Southeast New Mexico ~ this was the location of my quest to add a new hunting partner to my hawk team. I had taken my 'free weekend' on September 14 and 15 to finish assembling everything I would need for the trip. Richard worked on the Saturday, but took Sunday off. I had planned to get up and leave around midnight of Saturday into Sunday, but got to bed the previous night too late, so pushed off departure for a few hours. By about 4:30 on Sunday we were on the road. Let the adventure begin!
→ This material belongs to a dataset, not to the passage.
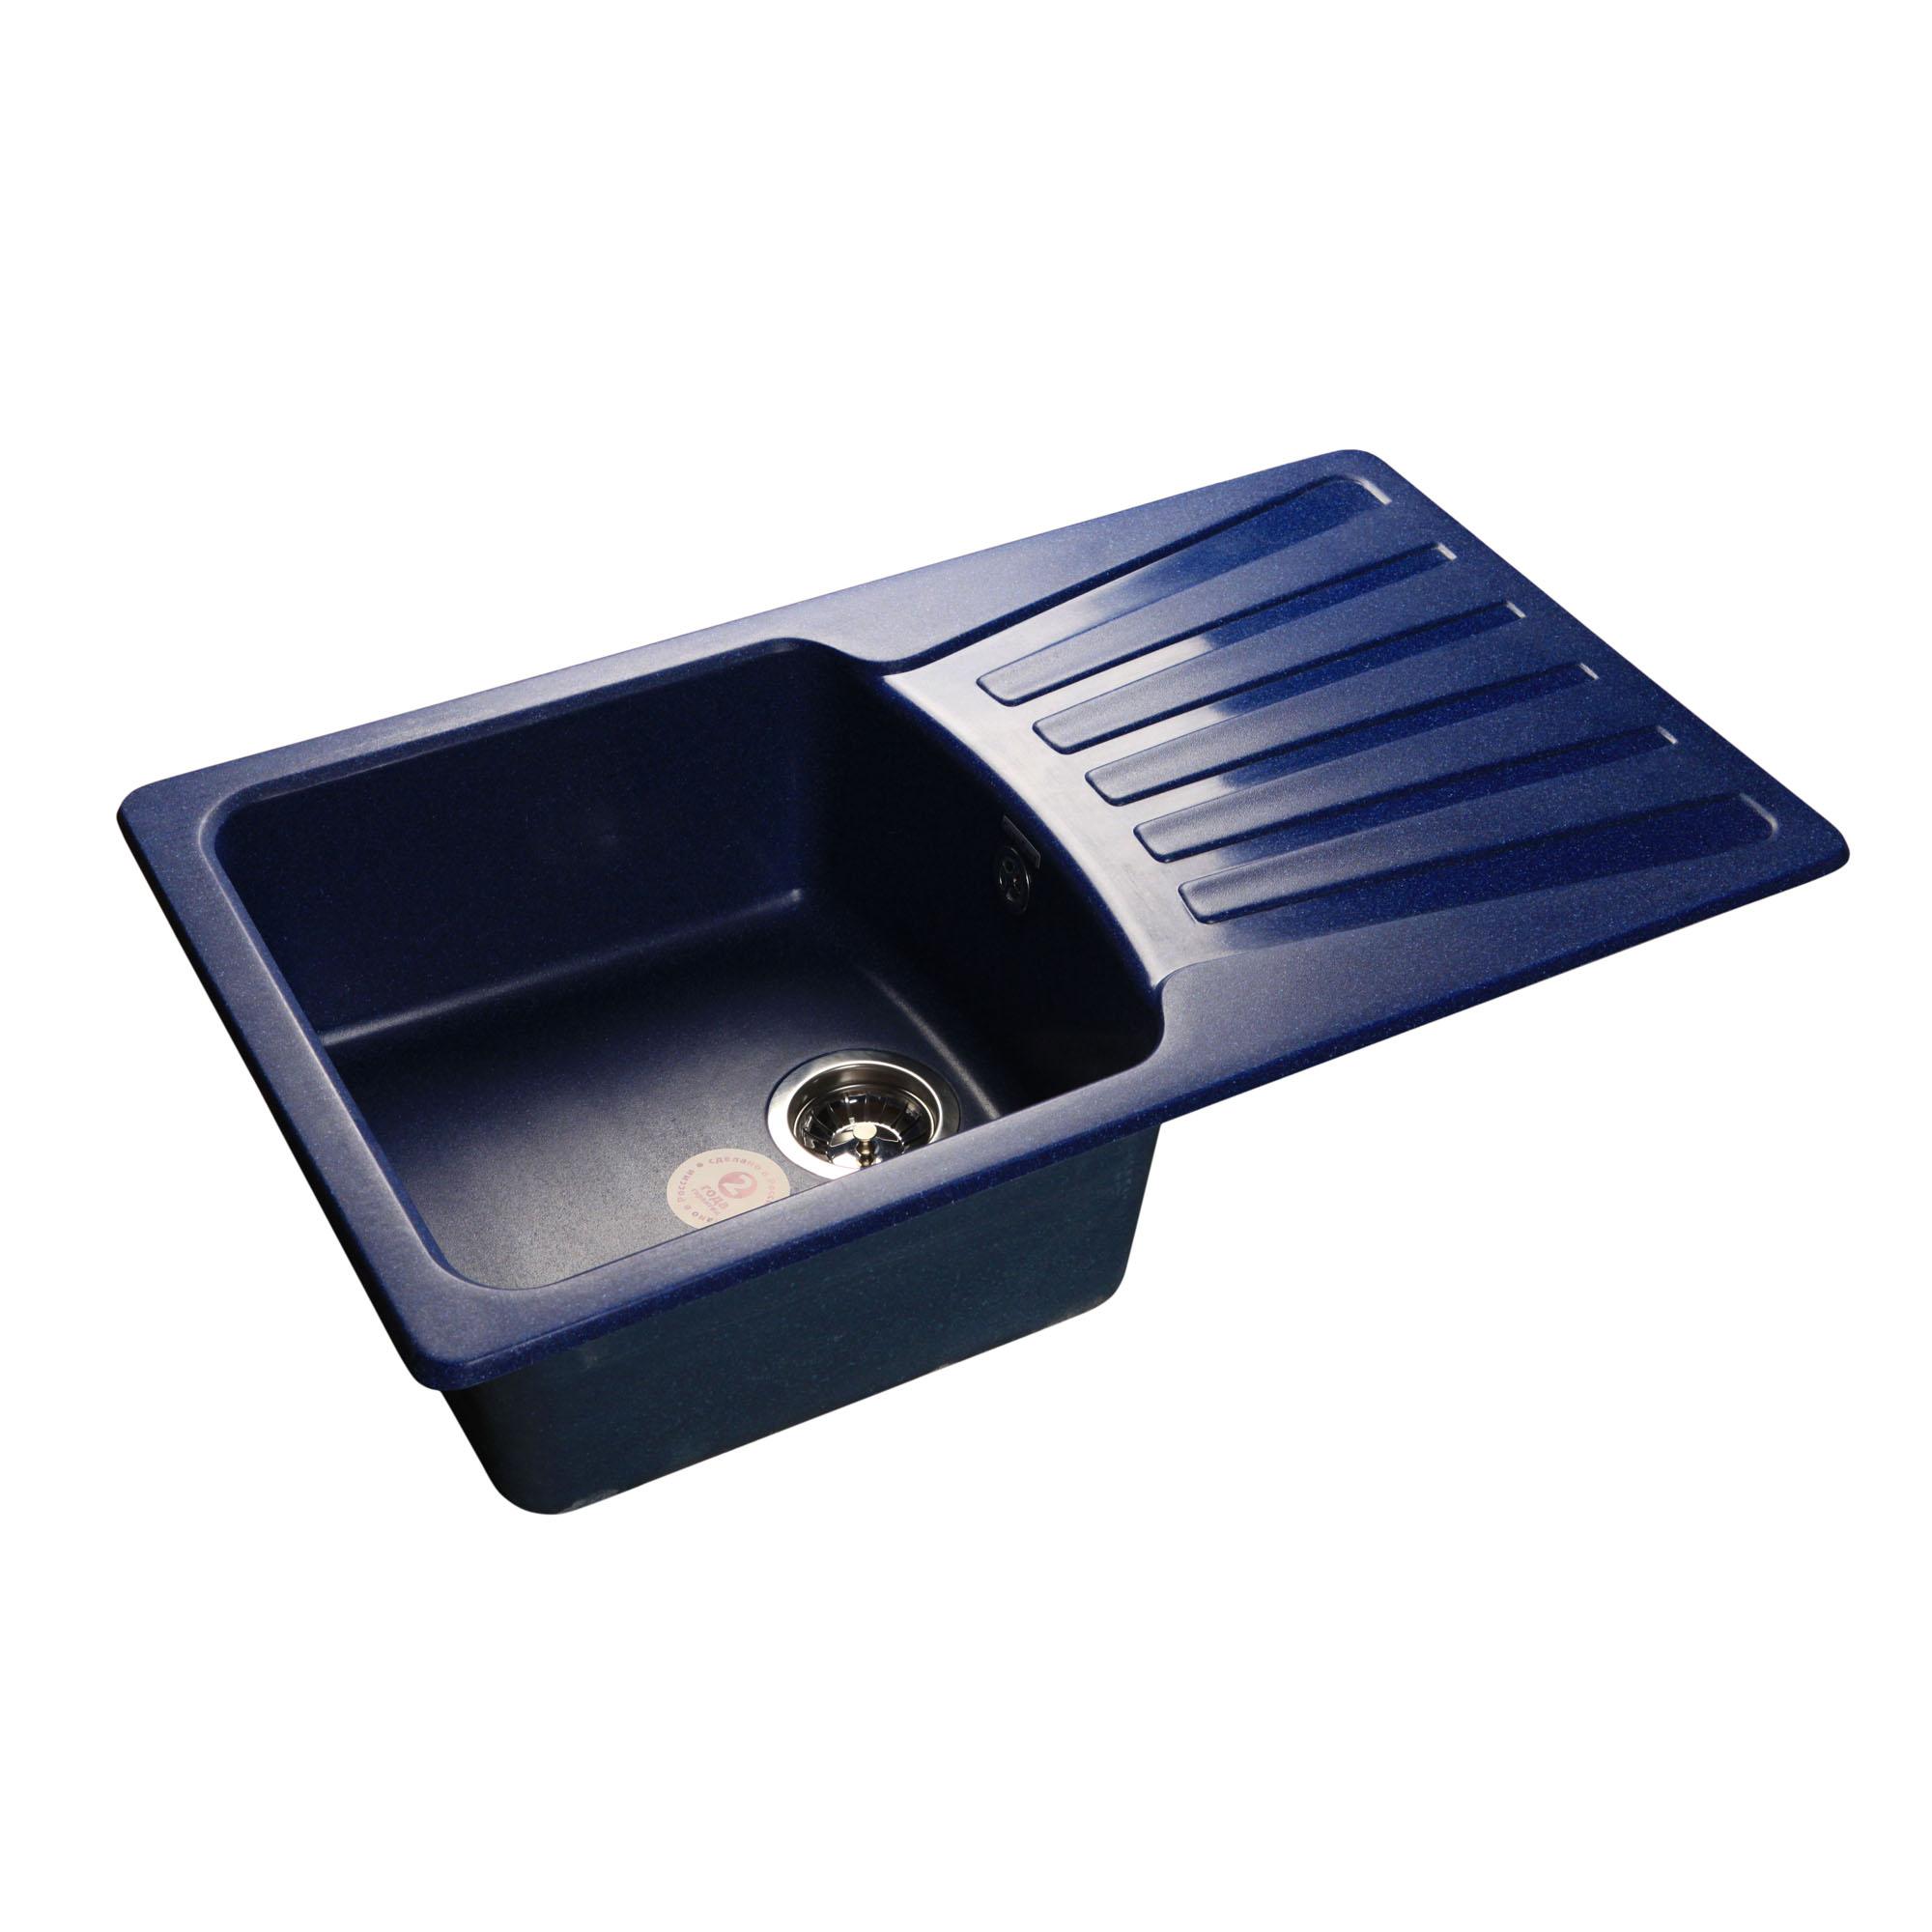 Кухонная мойка GranFest Standart GF-S850L синий атс ip yeastar standart

We took turns driving, with the goal to make it to Hobbs, New Mexico in one continuous push. I have an Aunt who lives in Hobbs, and she didn't mind our crashing there. We did accomplish this initial goal, although not in the time we had anticipated. GPS and previous computer assessment had indicated about an 18-hour drive, but it actually took about 23 hours. The mini-van was packed to the gills with all we would need for the trip, and the dog, and the hawk, and all the rats. It was good to arrive and relax. That first day we drove across town to a golf course that I knew had previously hosted a family of Harris Hawks. I know this because when I had Cimarron, my previous passage Harris Hawk, I had flown in the vicinity of this golf course and seen them. I found a pair immediately, and this put me in a mindset that trapping would be easy. After all, I had found a pair of adults almost immediately, and I had the experience of quickly catching a
passage Harris Hawk before. We just had to start finding the babies.
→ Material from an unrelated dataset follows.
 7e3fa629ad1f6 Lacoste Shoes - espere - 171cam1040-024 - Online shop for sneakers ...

Oh . . . How Wrong I Was!!
Rich and I would spend Tuesday driving around looking for adults and juvies, to no successful end. We did make it down to Carlsbad, which would turn out to be the focus of much of our search the following days. We were to join forces with my falconry friend, Sharon Hartshorn, on Wednesday. She lives in New Mexico and also drew one of the permits for a passage Harris Hawk. We would team up in this quest on Wednesday through Friday. Poor Richard . . . he would have to put up with two crazy falconry women in one car.
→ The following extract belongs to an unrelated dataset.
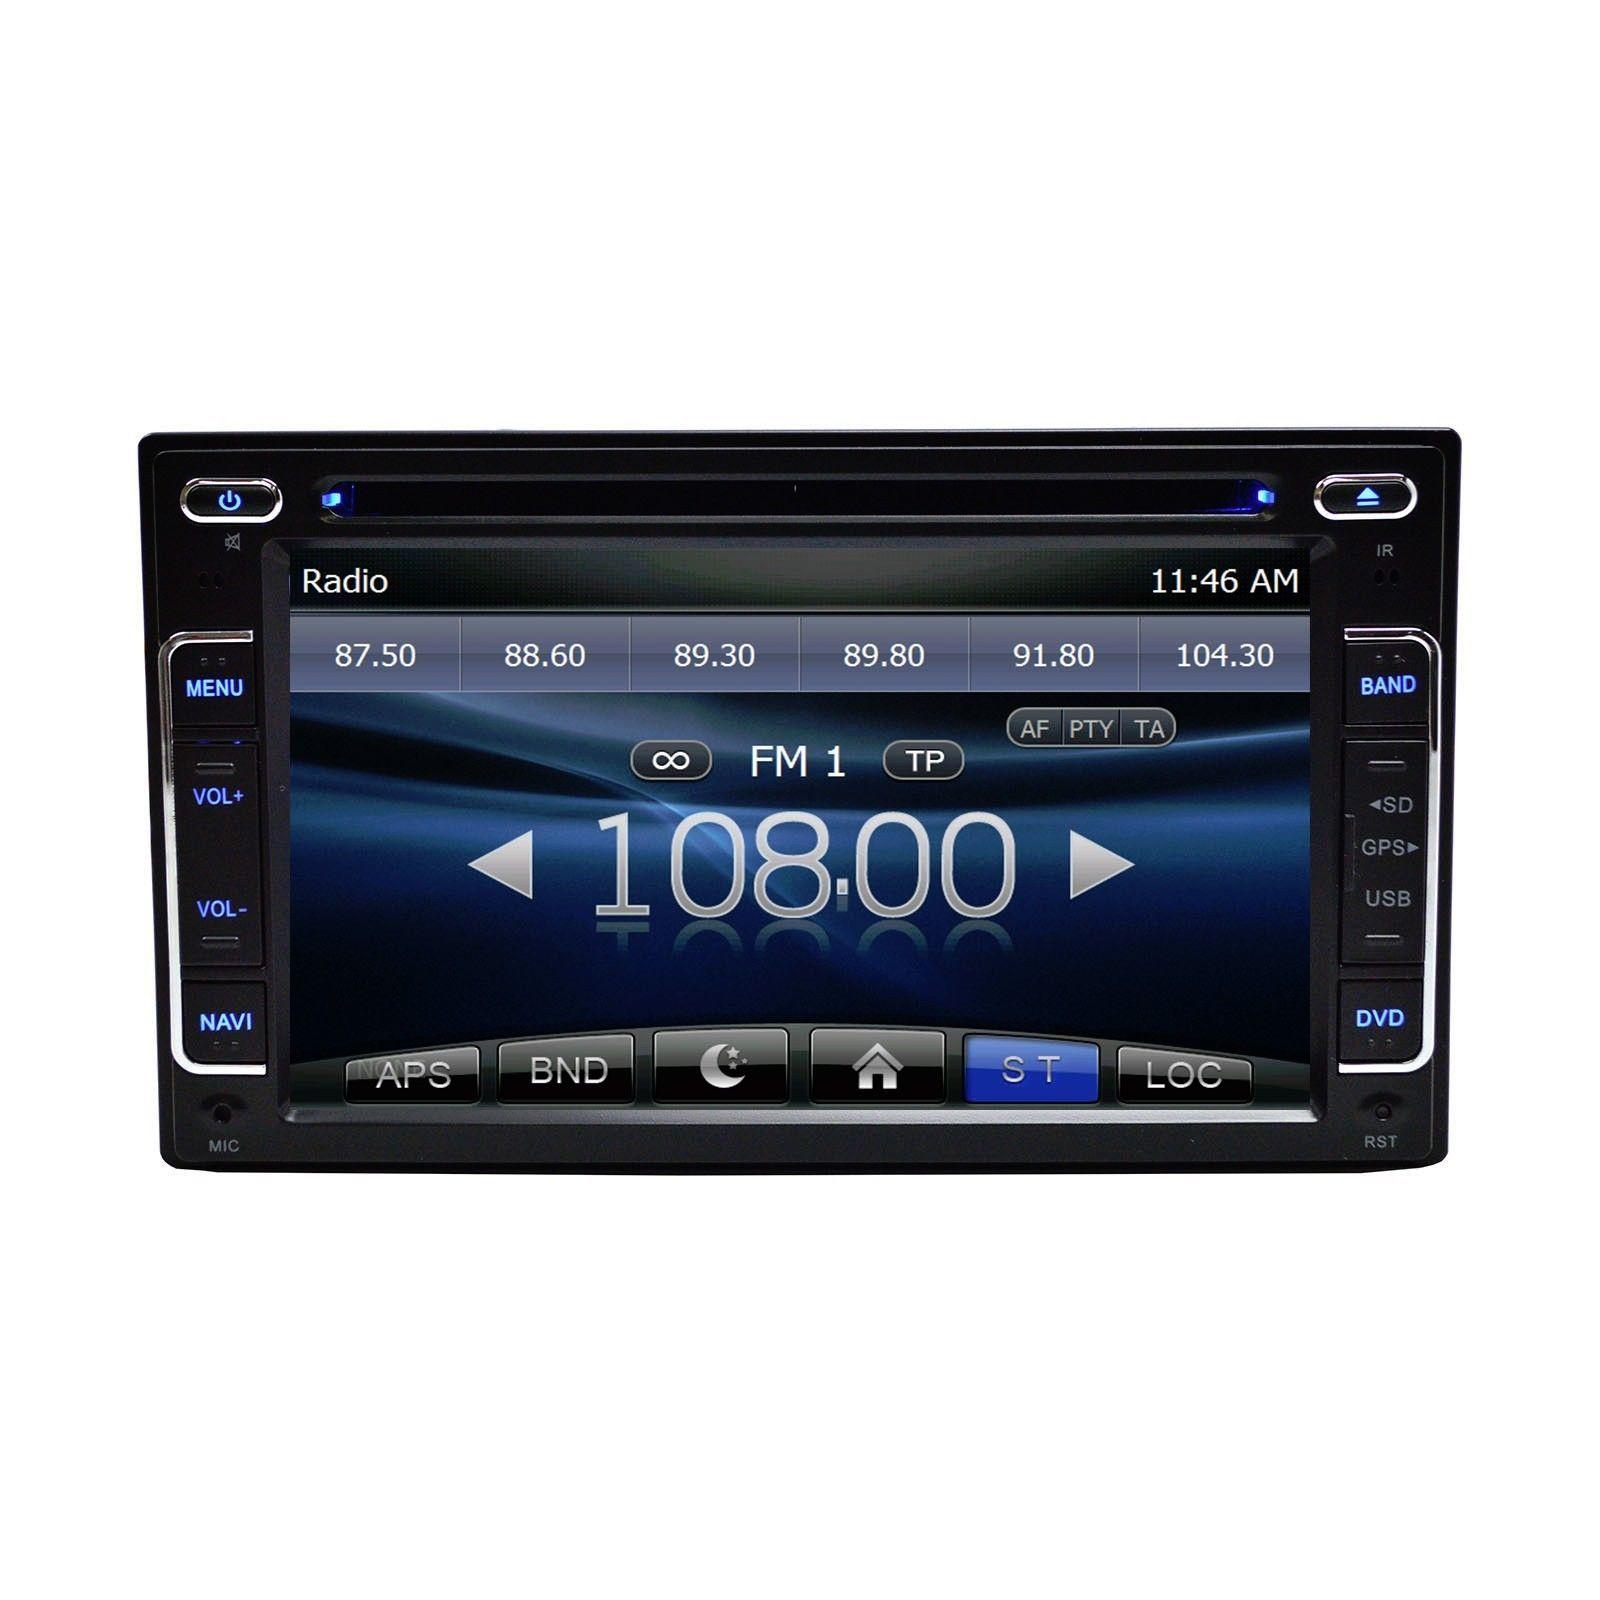 Lexus ES 1997-2001 Bluetooth Radio GPS Navigation Touchscreen DVD Mp3 System

My very mellow-mannered husband put up with his abuse most admirably. Thank You Rich for foregoing a lot of sleep on this trip, and taking driving directions from two very obsessed people.
Pictured below is one of the two adult birds I found in the Hobbs golf course. I would proceed to visit them several times over the next week, hoping to see if they had any babies, but never spotted any juvenile offspring. Sharon came armed with information, nest maps from a falconry friend who lives in Las Cruces, and who in years past spent a lot of time researching the population of Harris Hawks in New Mexico. He also provided trapping advice via her Smart Phone. His research indicated their presence mostly around the Carlsbad area, even though our permit allowed for search east of Hwy 285, which would cover much of the Southeast corner of the state. They are mostly concentrated in a small area. Some other falconers had been successful earlier in the year with eyas take, nestlings right out of the nest, however Sharon also reported hearing about a late spring / early summer storm which may have resulted in the deaths of a majority of the nestlings. Our searching seemed to prove this out. We only found one active nest, one family of Harris Hawks our entire time in and around Carlsbad. This was despite extensive searching. We put some serious mileage on the mini-van during our time in Southeast New Mexico.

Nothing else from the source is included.